Подошел официант и склонился над столом.

– А если я этого не сделаю? – спросил он. – Я же отвечаю за то, что тут происходит.

– Ну, если хотите, позвоните по телефону – вот вам номер. Запишите. – Он записал. – Попросите Пепе, – сказал я.

– Я против него ничего не имею, – произнес официант. – Но Causa[2]… Такой человек, конечно же, представляет угрозу нашему делу.

– Остальные официанты его не узнали?

– Может, и узнали. Но никто ничего не сказал. Он же наш старый клиент.

– Я тоже ваш старый клиент.

– А может, и он теперь на нашей стороне?

– Нет, – покачал головой я. – Я знаю, что это не так.

– Я никогда ни на кого не доносил.

– Ну, это уж вам решать. Может, кто-нибудь из других официантов сообщит о нем?

– Нет. Его знают только старые официанты, а старые официанты не доносят.

– Принесите еще желтого джина и горького пива, – сделал заказ я. – Тоник у меня еще остался.

– О чем он говорит? – поинтересовался Джон. – Я совсем мало понимаю.

– Там сидит человек, которого мы оба знаем по старым временам. Он был прекрасным стрелком по тарелочкам, я встречал его на соревнованиях. Он фашист, и прийти сюда теперь – не важно по какой причине – большая глупость с его стороны. Но он всегда был очень храбрым и очень глупым.

– Покажите мне его.

– Вон он, сидит за столом с летчиками.

– Который?

– Тот, с очень загорелым лицом, в пилотке набекрень, который сейчас смеется.

– Он фашист?

– Да.

– С самого Фуэнтес-дель-Эбро не видел фашист так близко. Много тут фашист?
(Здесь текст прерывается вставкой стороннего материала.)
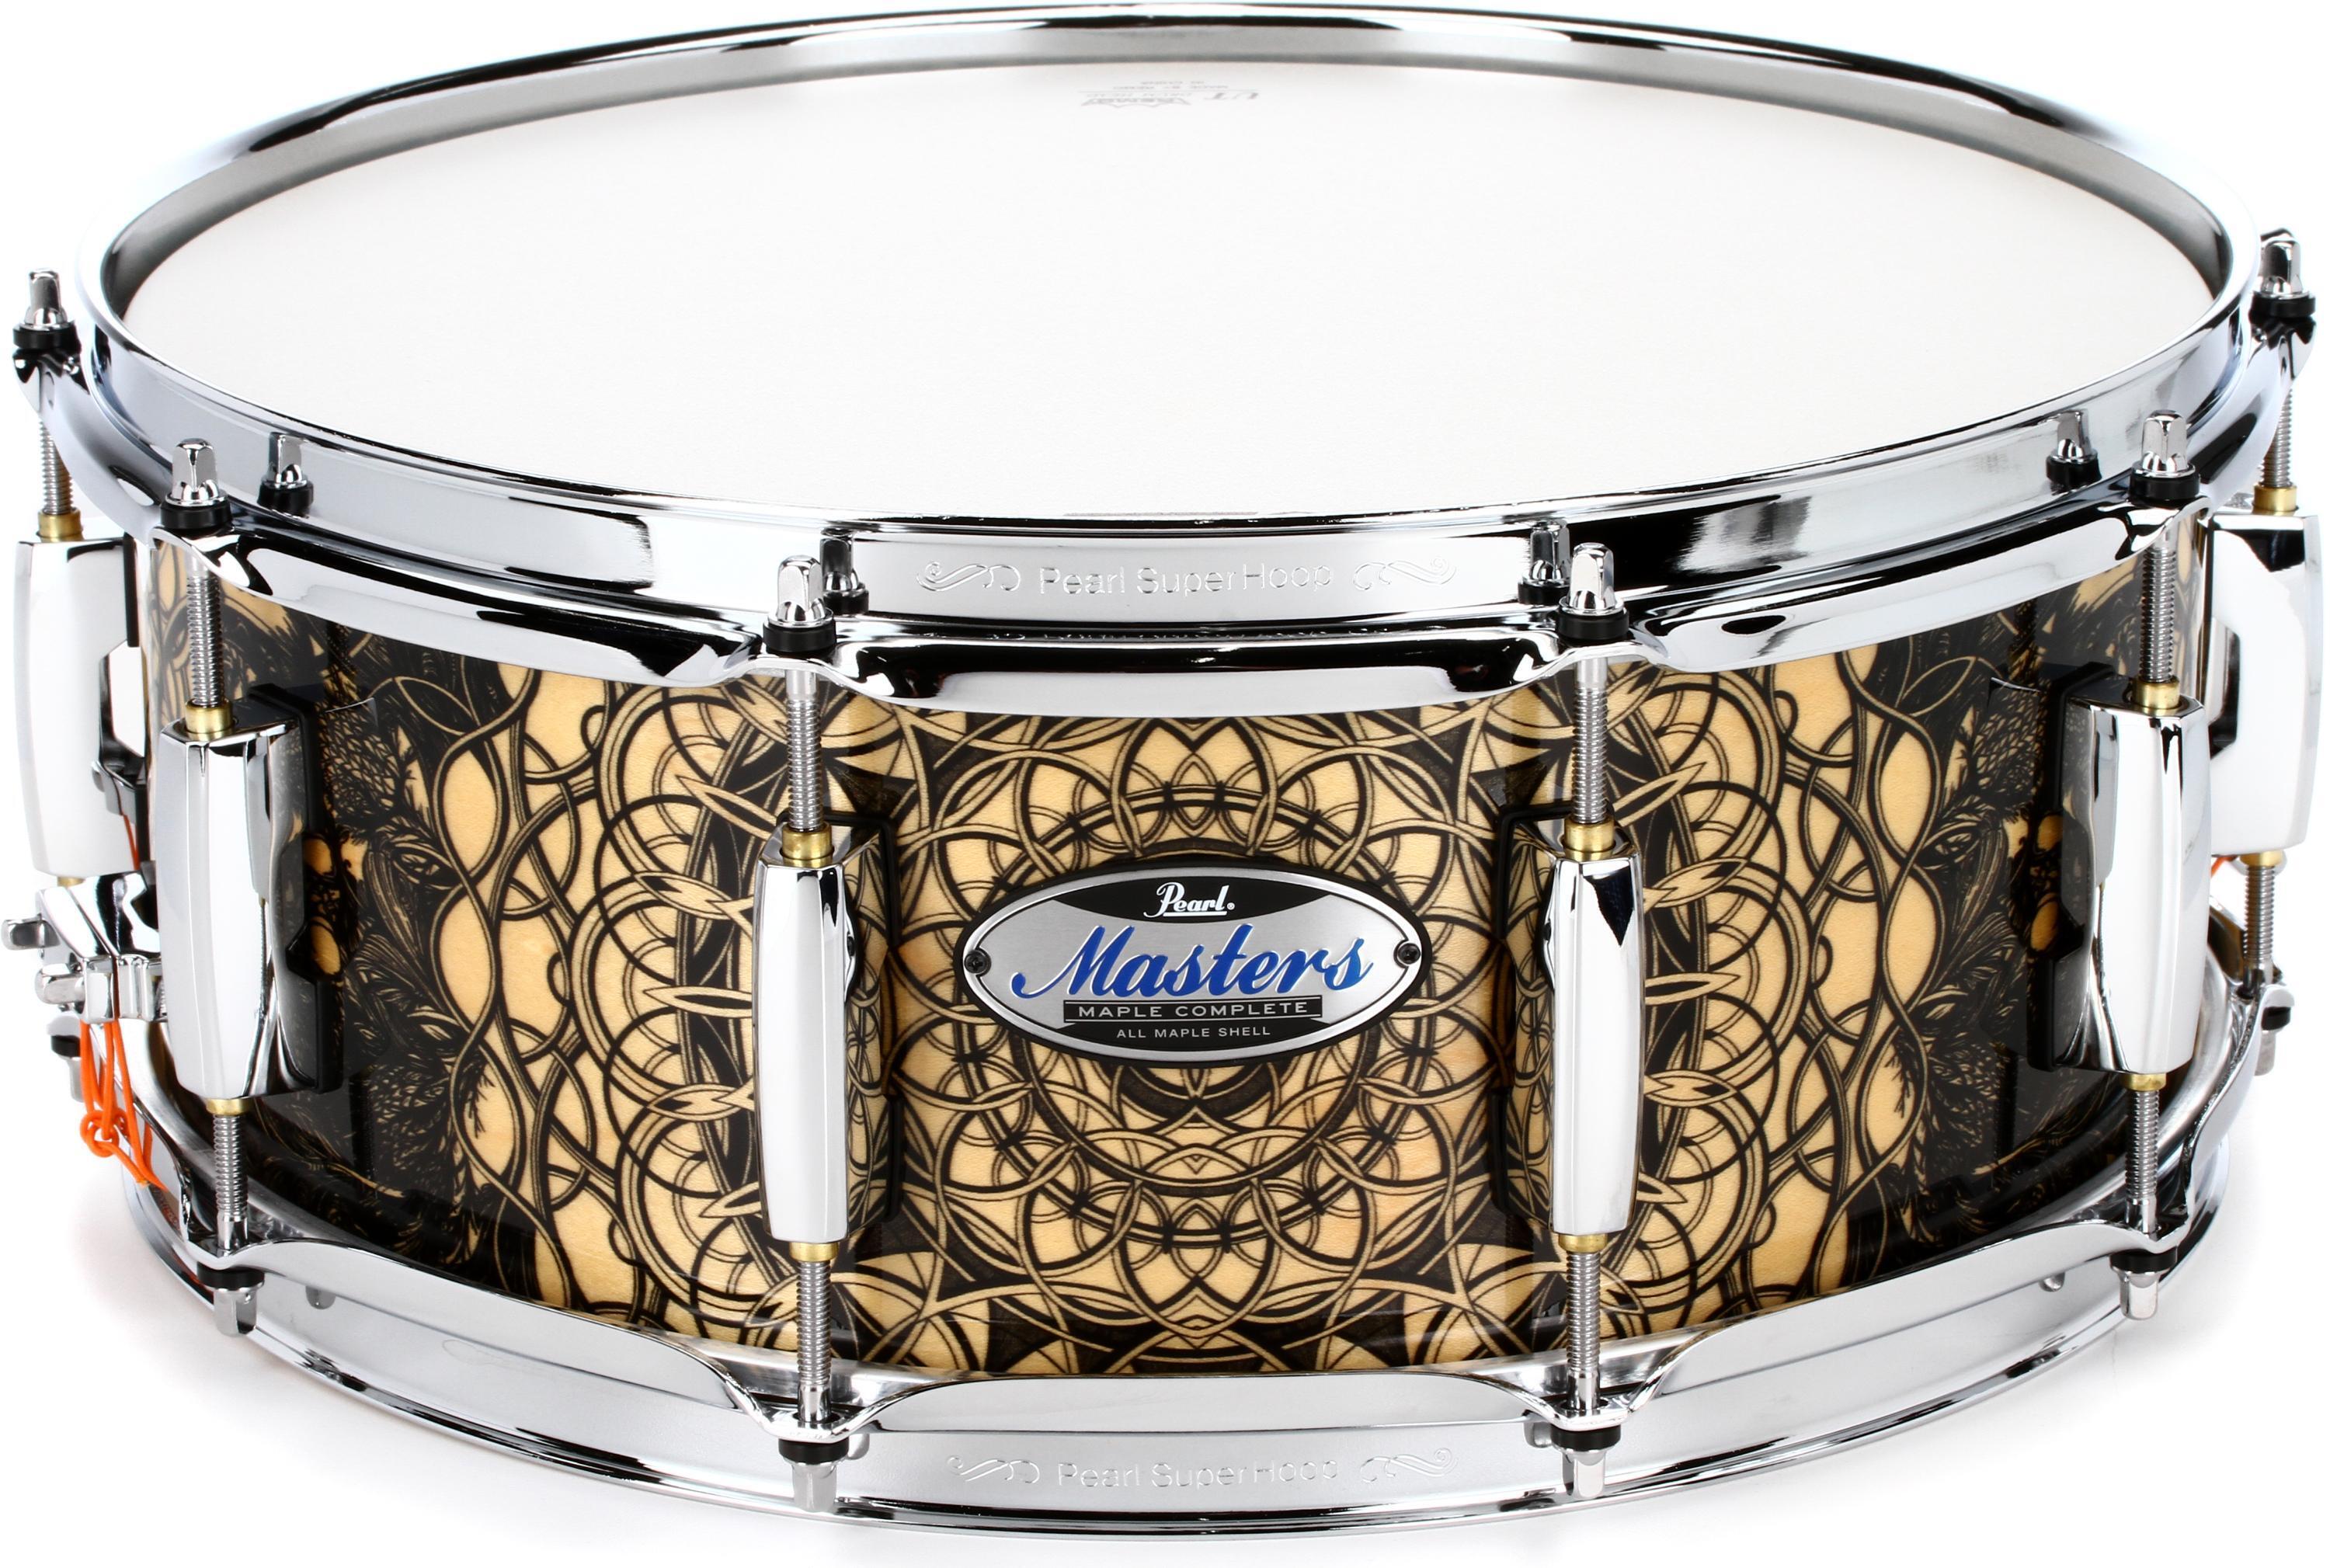 Buy Pearl Sensitone Premium Maple 14 x 5 Snare Drum Maple Finish

– Да нет, не много, встречаются иногда.

– Они пить то же, что вы, – подметил Джон. – Раз мы это пить, другие люди не думать, что мы фашист, а? Слушайте, вы были Южная Америка, западное побережье, Магалльянес?

– Нет.

– Там хорошо. Только слишком много восьминог.

– Кого много?

– Вось-ми-ног, – забавно повторил он. – Ну, тех, у кого восемь рук.

– А-а, – протянул я, – осьминогов.

– Да, восьминог, – подтвердил Джон. – Знаете, я еще и водолаз. Это хорошее место работать, получать куча денег, только слишком много восьминог.

– А они что, мешают?

– Не знаю. Я первый раз опустился в гавани, в Магалльянес, смотрю – восьминог. Стоит на всех своих ногах, вот так. – Джон уперся пальцами в столешницу и приподнял локти и плечи, а заодно и брови. – Высокий, выше меня, и смотреть прямо в глаза. Я дернул канат, чтобы меня подняли.

– А какого он был размера, Джон?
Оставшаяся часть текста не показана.